There are many different types of recovery that can be performed. The first type of recovery that usually comes to mind is a recovery-to-current to handle some sort of disaster. This disaster could be anything from a simple media failure to a natural disaster destroying your data center. Applications are completely unavailable until the recovery is complete.

Another type of traditional recovery is a Point-in-Time (PIT) recovery. PIT recovery usually is performed to deal with an application level problem. Conventional techniques to perform a point in time recovery will remove the effects of all transactions since that specified point in time. This sometimes can cause problems if there were some valid transactions during that timeframe that still need to be applied.

Transaction Recovery is a third type of recovery that addresses the shortcomings of the traditional types of recovery: downtime and loss of good data. Thus, Transaction Recovery is an application recovery whereby the effects of specific transactions during a specified timeframe are removed from the database.

Most technicians think about recovery in order to resolve disasters such as hardware failures. But the majority of recoveries in this day-and-age are performed because of application software error and human errors. Hardware failures are just not as prevalent as they used to be. In fact, the Gartner Group estimates that as much as 80% of application errors are due to application software failures and human error.

So, if the reason you need to recover has changed, it makes sense to rethink your recovery strategies.
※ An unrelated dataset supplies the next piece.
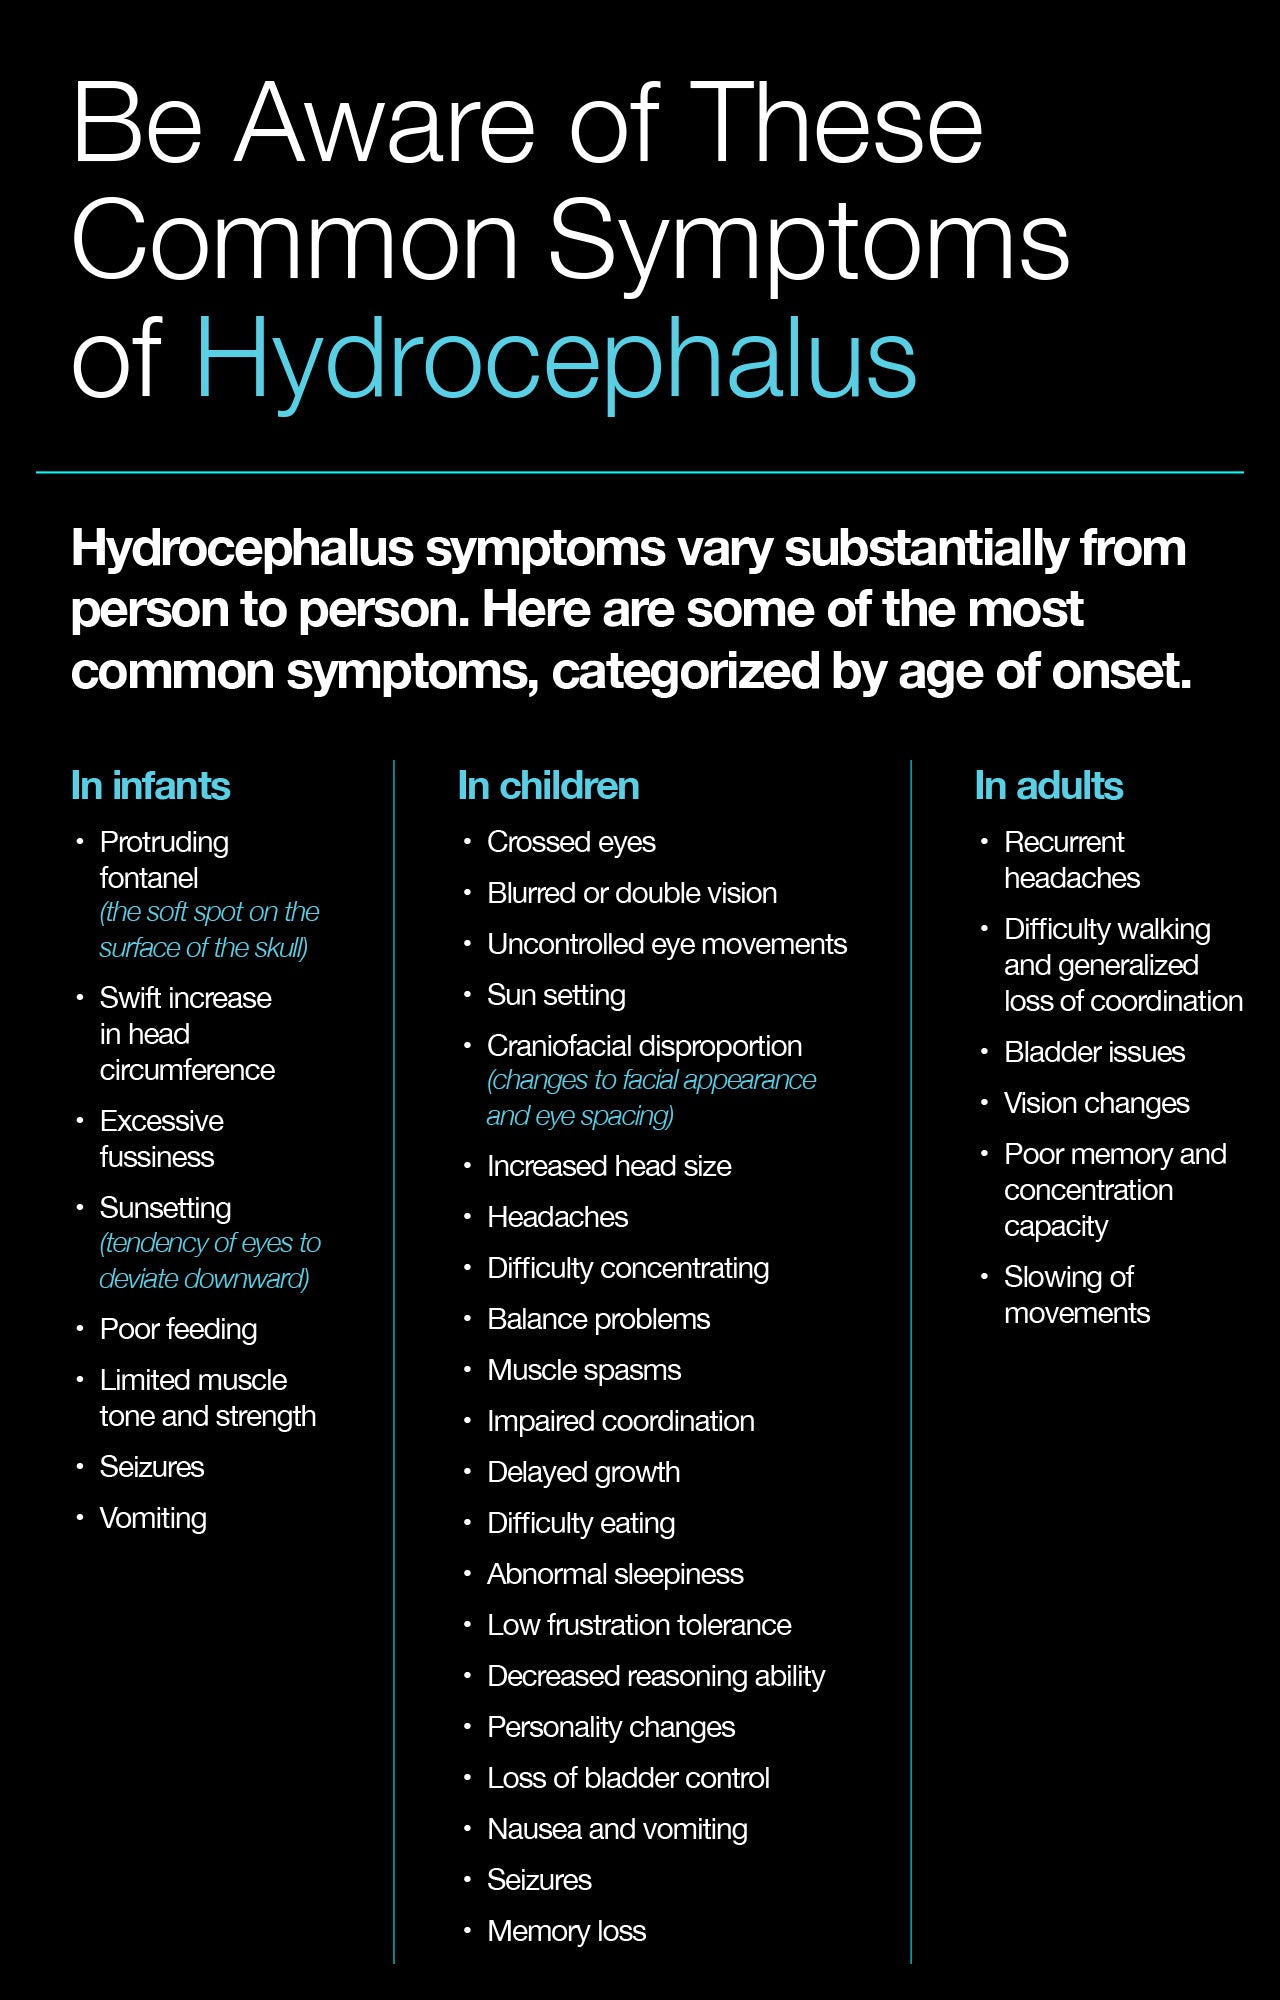 Be Aware of These Common Symptoms of Hydrocephalus

What is Transaction Recovery?

Transaction Recovery is the process of removing the undesired effects of specific transactions from the database. Sounds easy, but the actual details are somewhat complicated. Let’s examine transaction recovery in a bit more detail.
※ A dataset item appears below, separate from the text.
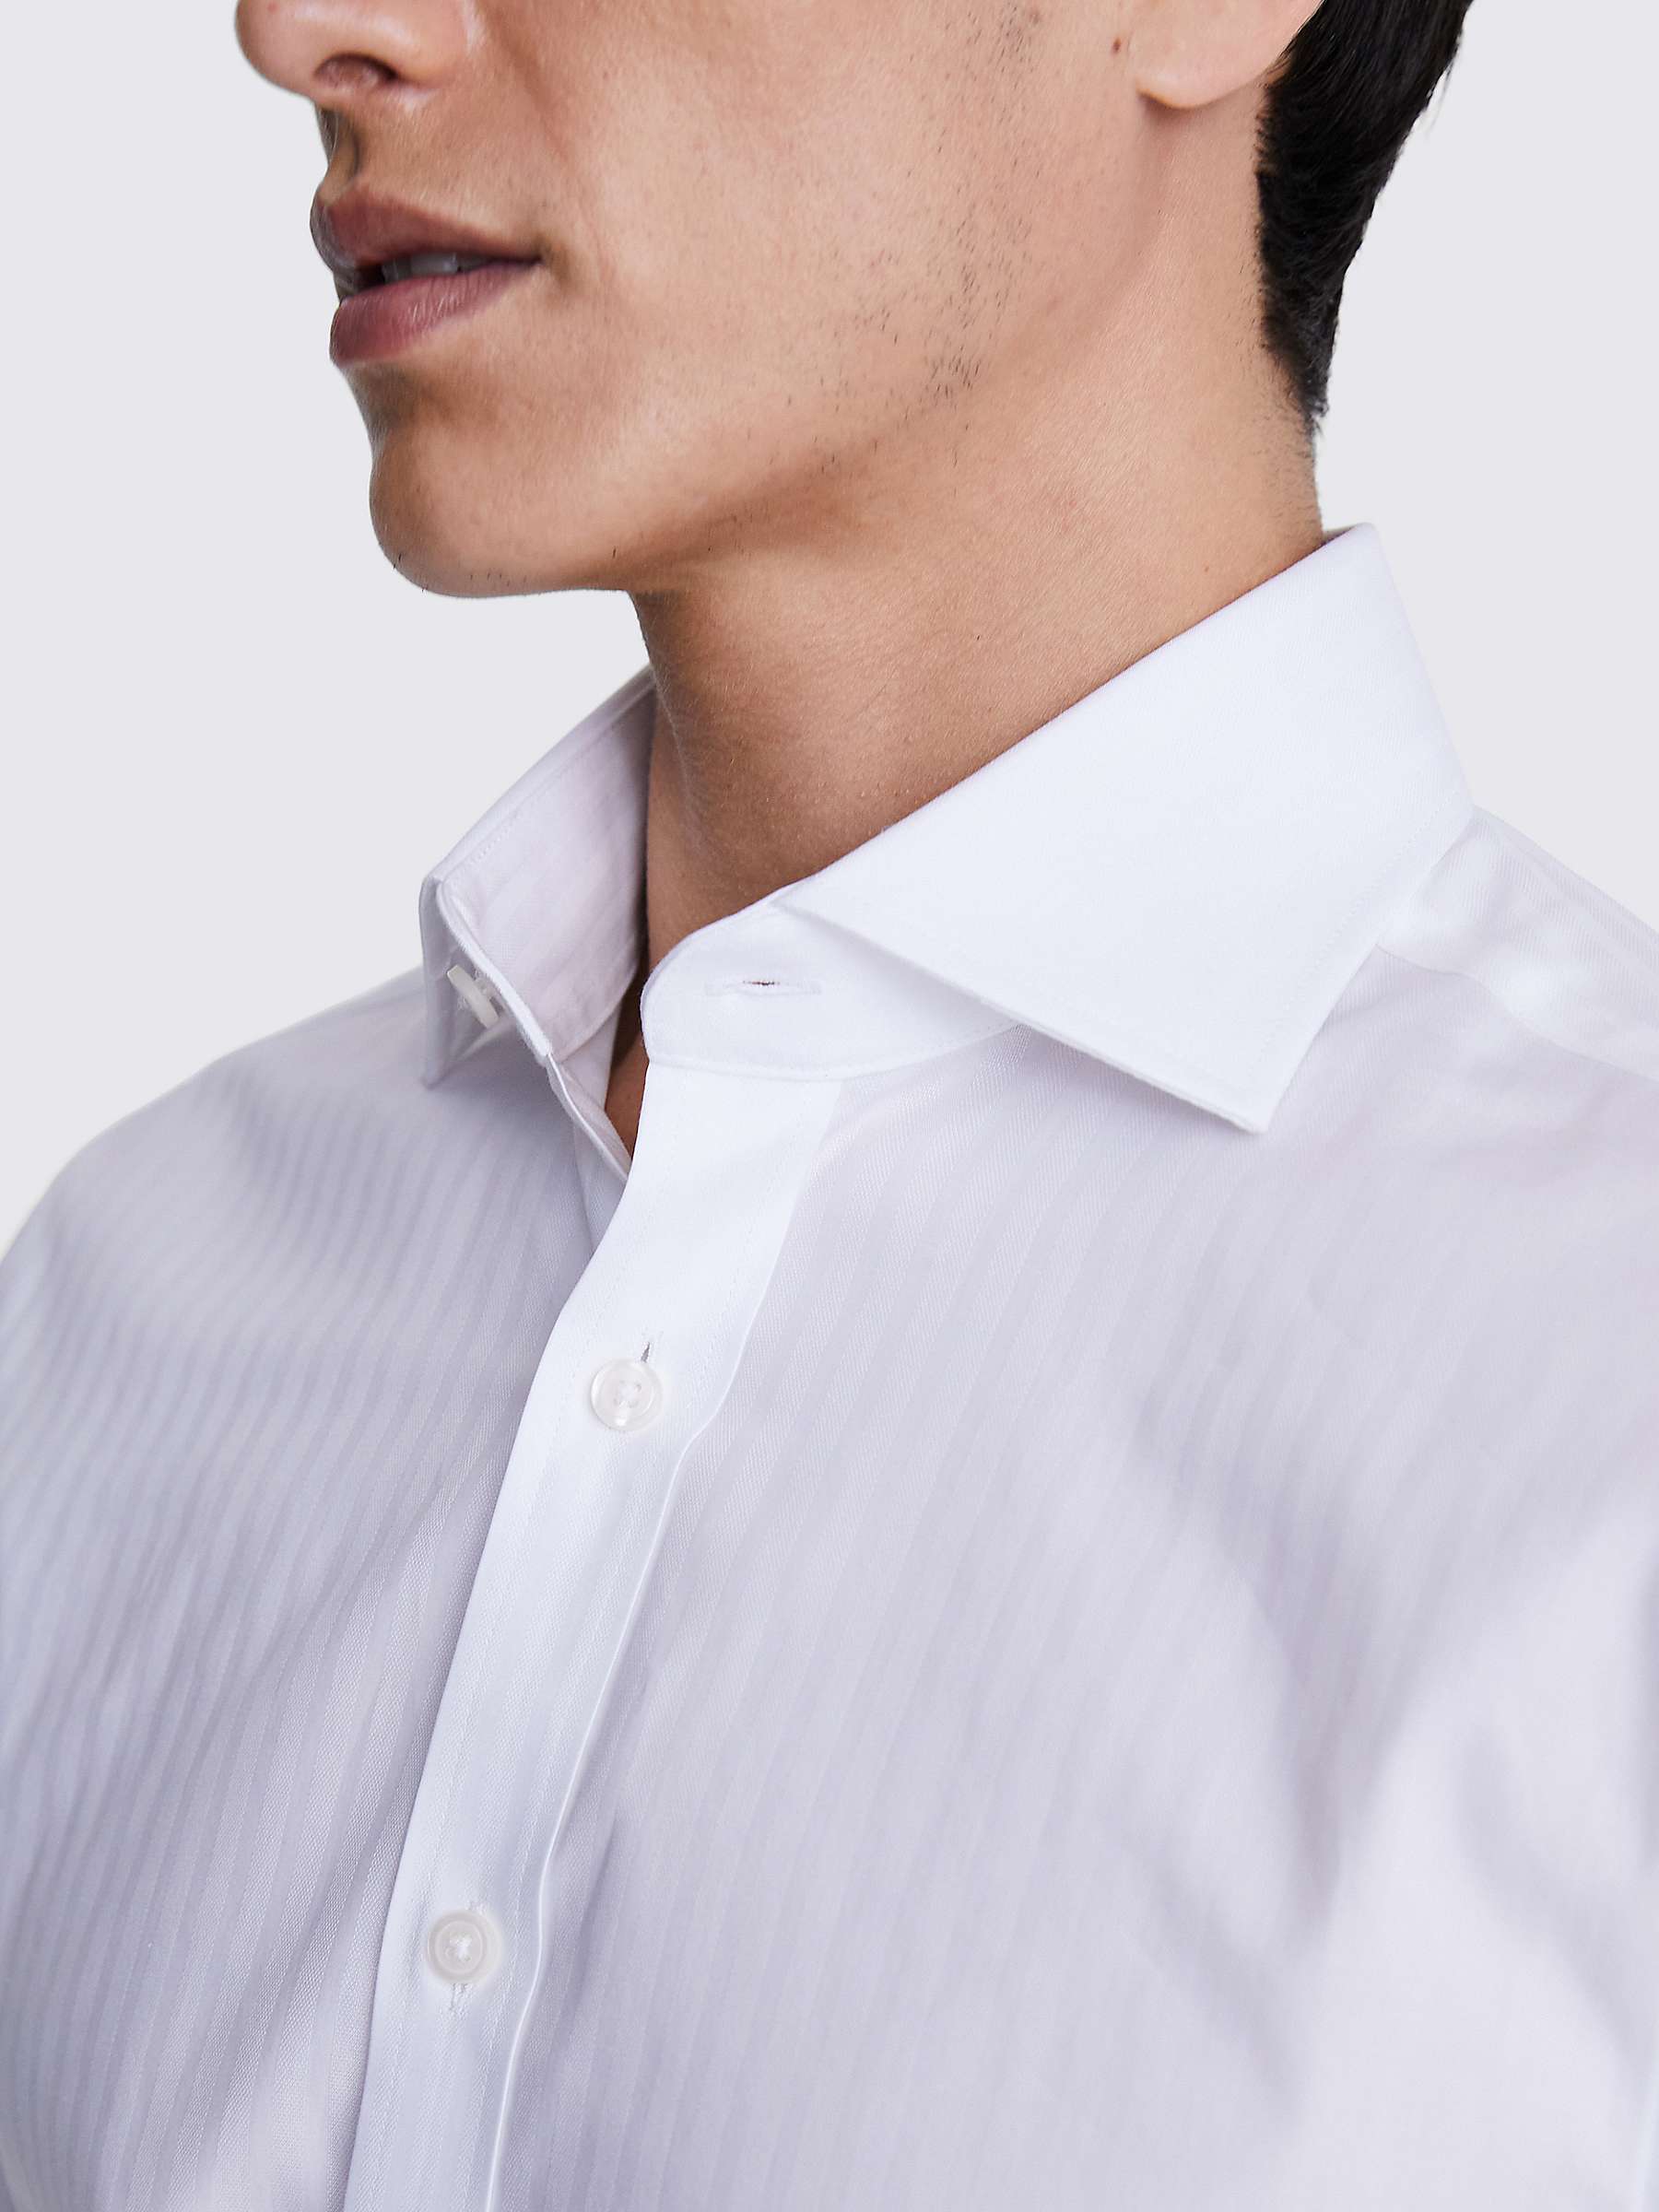 Buy Moss Tailored Fit Self Stripe Shirt, White Online at johnlewis.com

When performing a traditional recovery, you execute recover jobs moving object-by-object through the database. The recovery reads a backup copy of each object and applies it to the object. Then database log entries are read and applied to the object.

Contrast that approach with transaction recovery. When using transaction recovery the impact is at the transaction level, not at the database object level. The transactions are defined by the user’s view of the process (for example the set of panels comprising a new hire operation or the set of jobs that post to the General Ledger).

Why is Transaction Recovery a much-needed tool in the arsenal of e-DBAs? Well, applications are prone to all types of problems, bugs, and errors. Using Transaction Recovery, the DBA can quickly react to application-level problems and maintain a higher degree of data availability. The database does not always need to be taken offline while Transaction Recovery occurs (it depends on the type of Transaction Recovery being performed).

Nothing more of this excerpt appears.